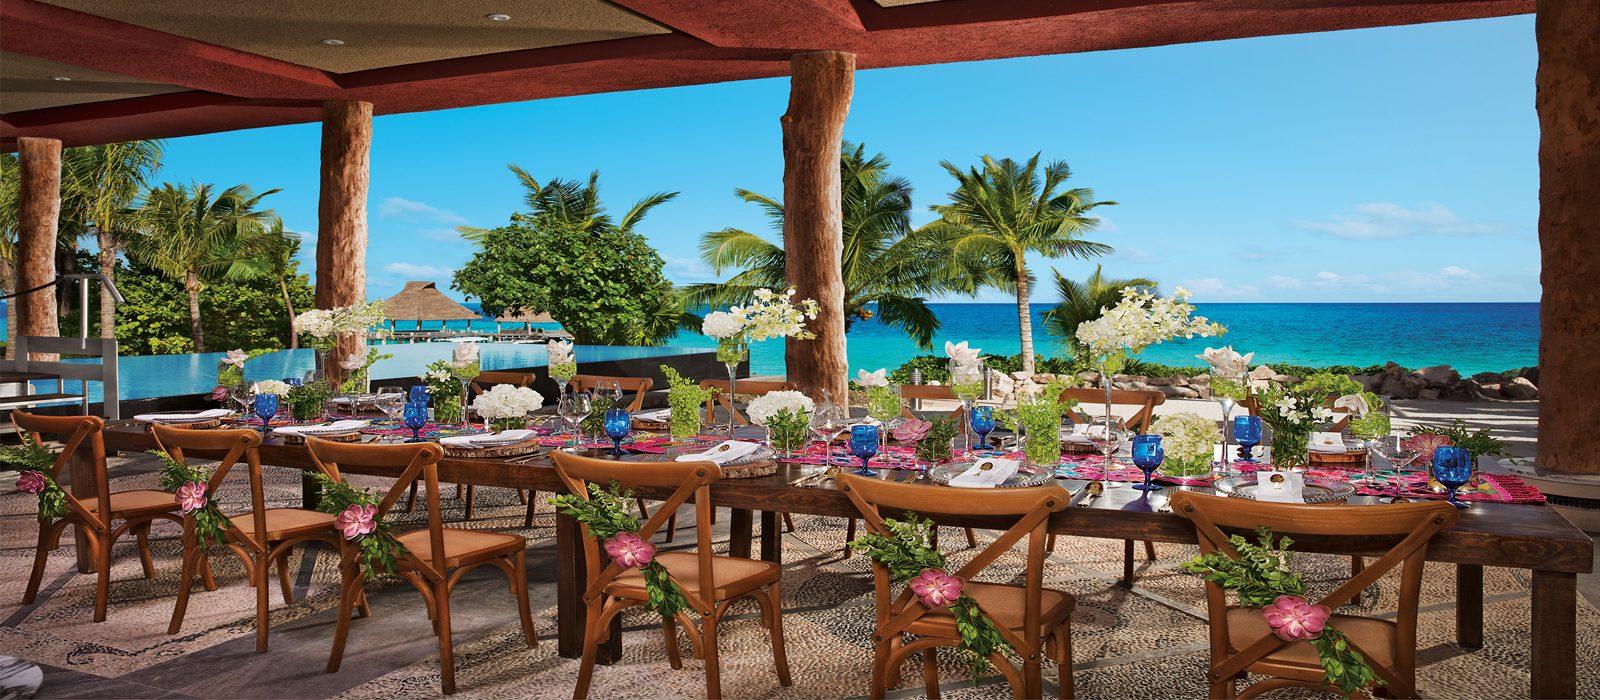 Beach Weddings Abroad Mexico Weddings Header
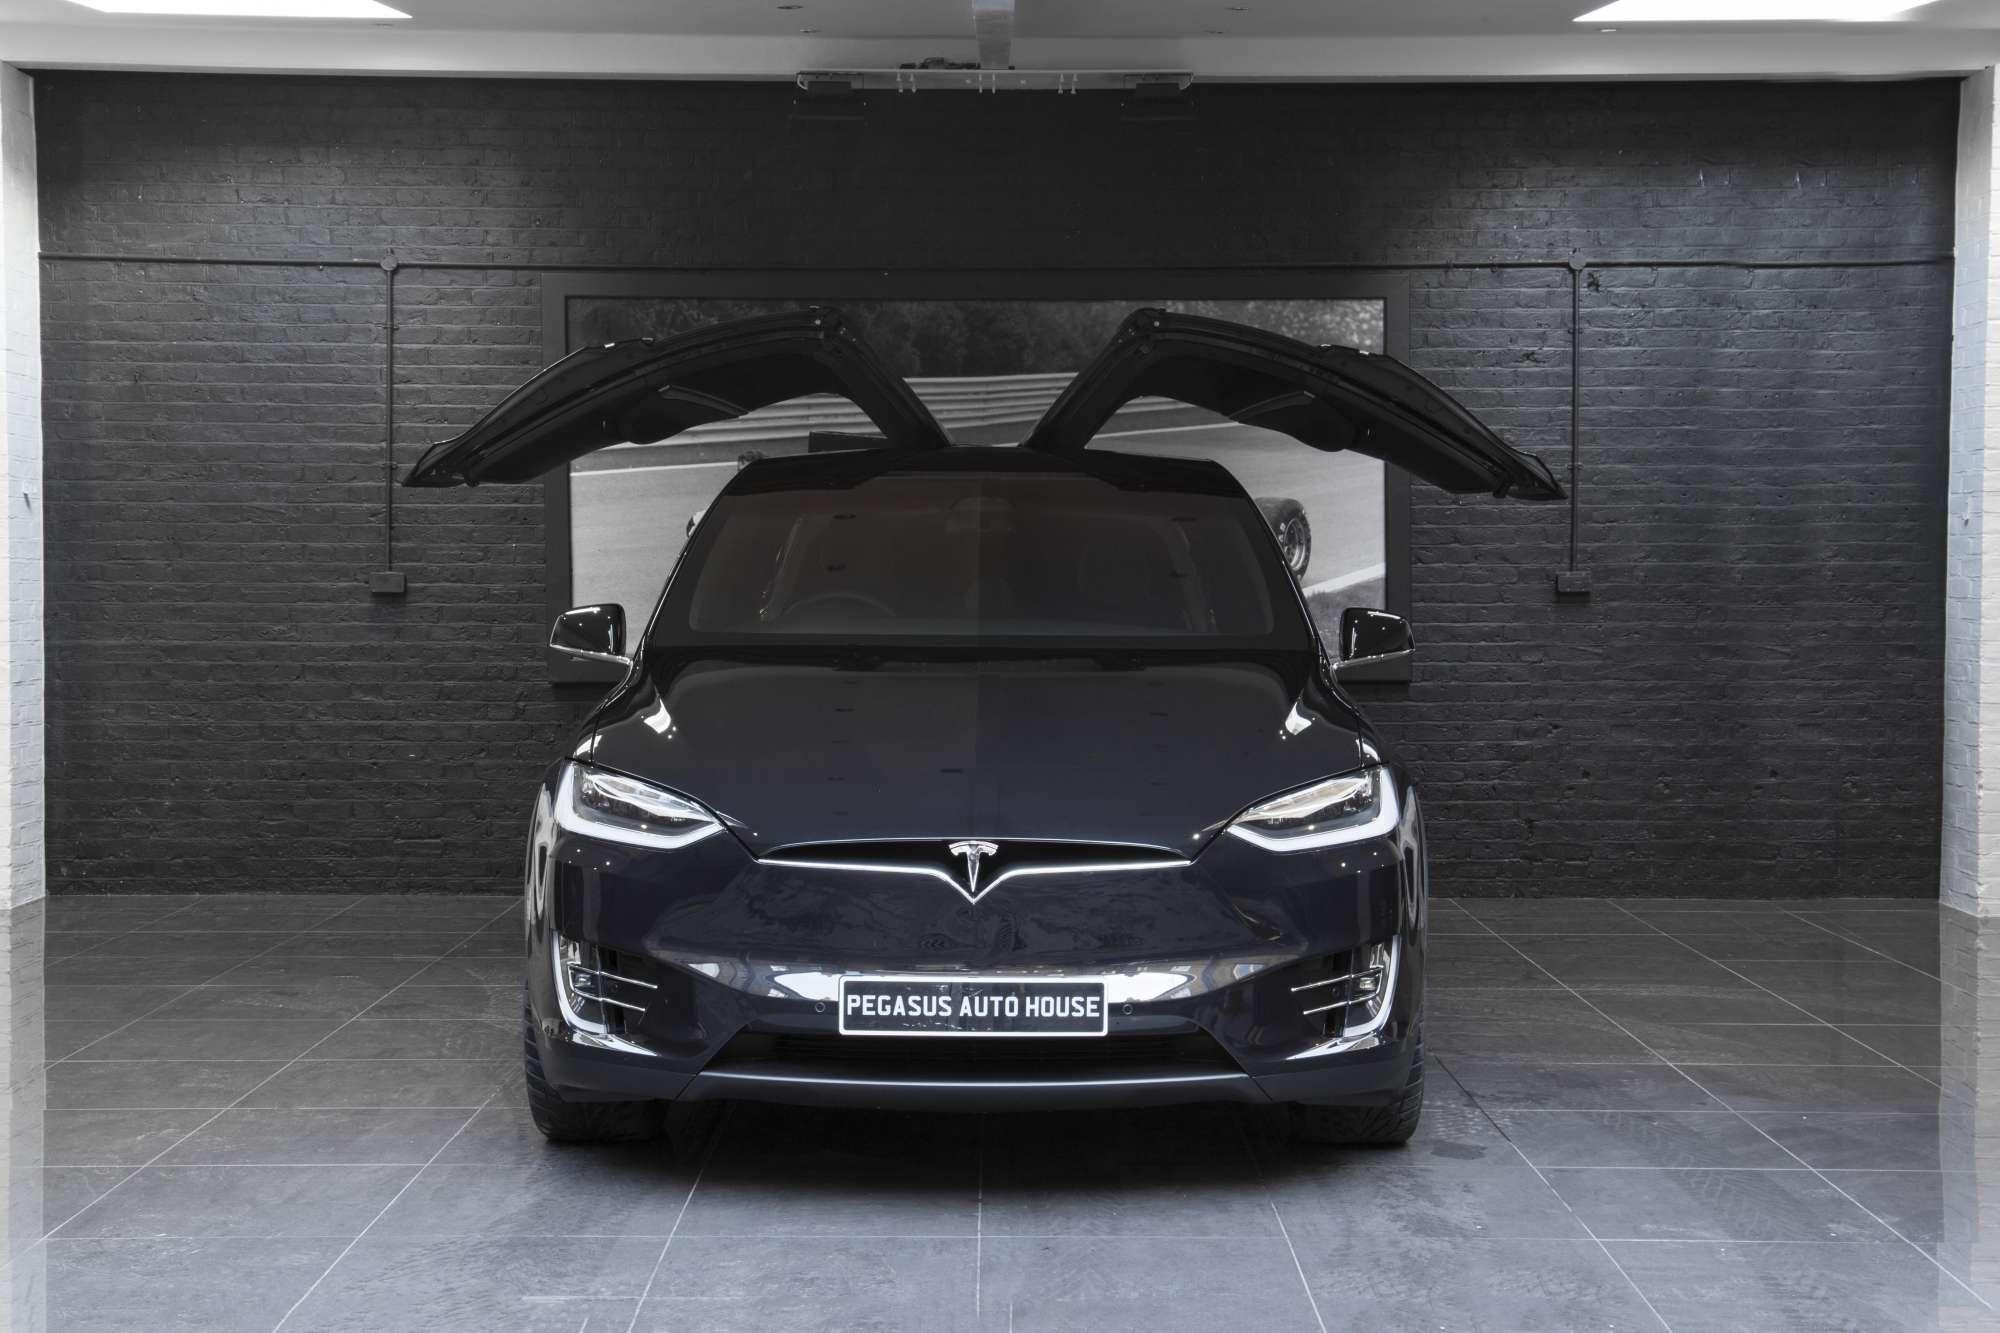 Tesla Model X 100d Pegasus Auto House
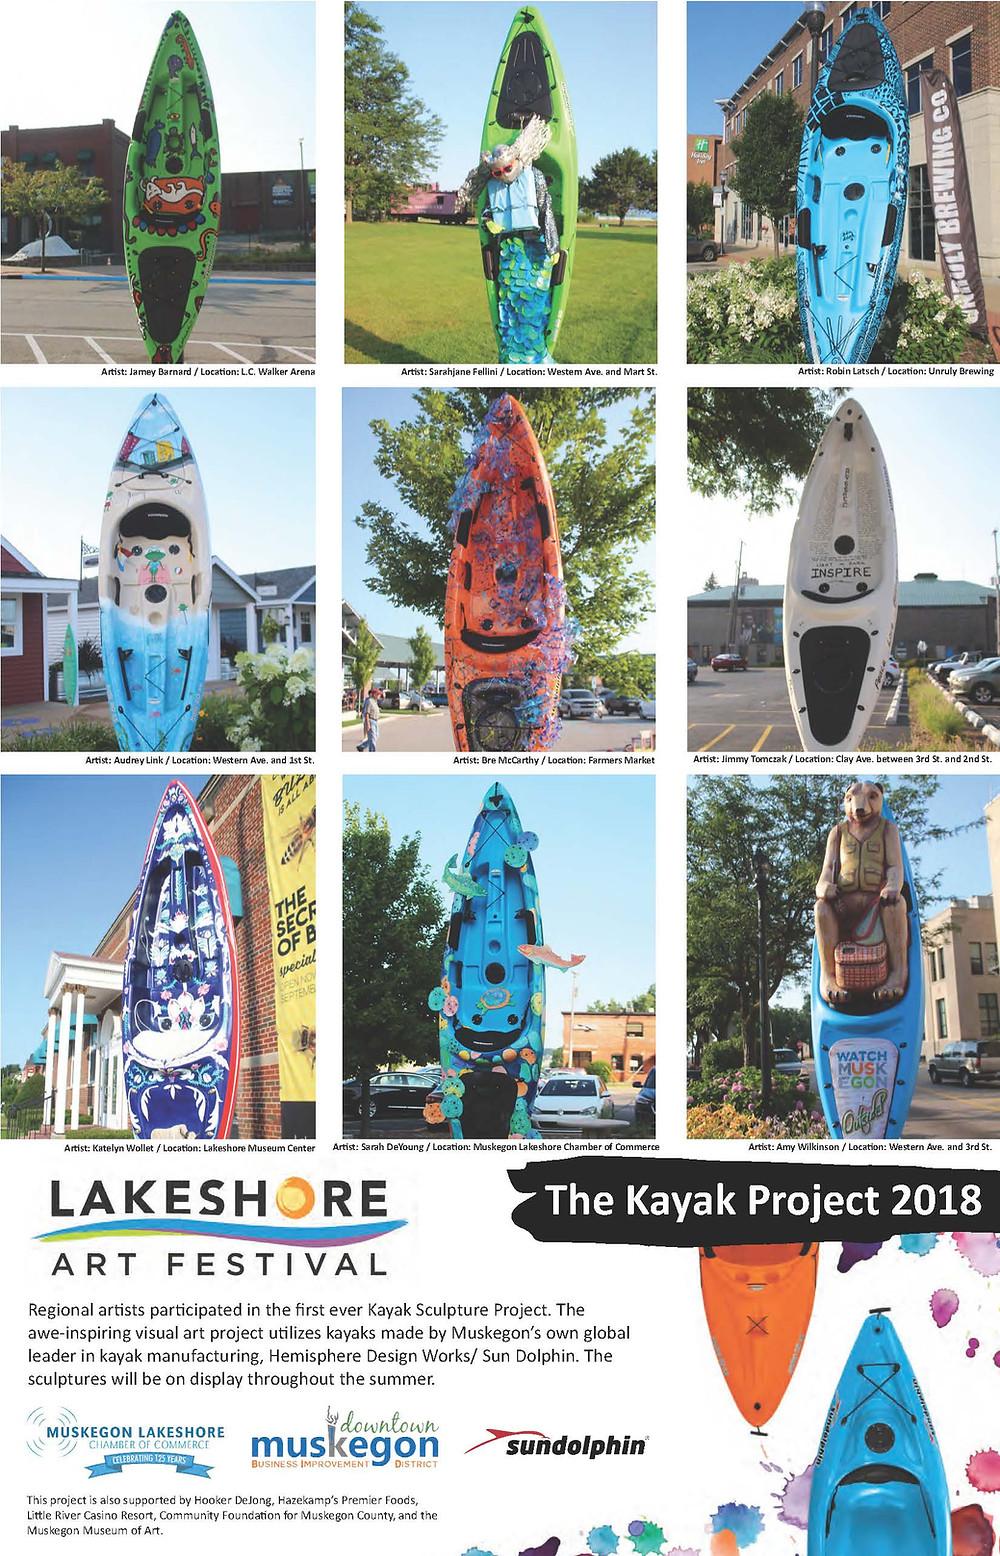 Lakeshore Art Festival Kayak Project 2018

────────────────────────────────────────

# Activity
Every line above should be copied exactly, apart from any pictures.

# Task response
 Beach Weddings Abroad Mexico Weddings Header
 Tesla Model X 100d Pegasus Auto House
 Lakeshore Art Festival Kayak Project 2018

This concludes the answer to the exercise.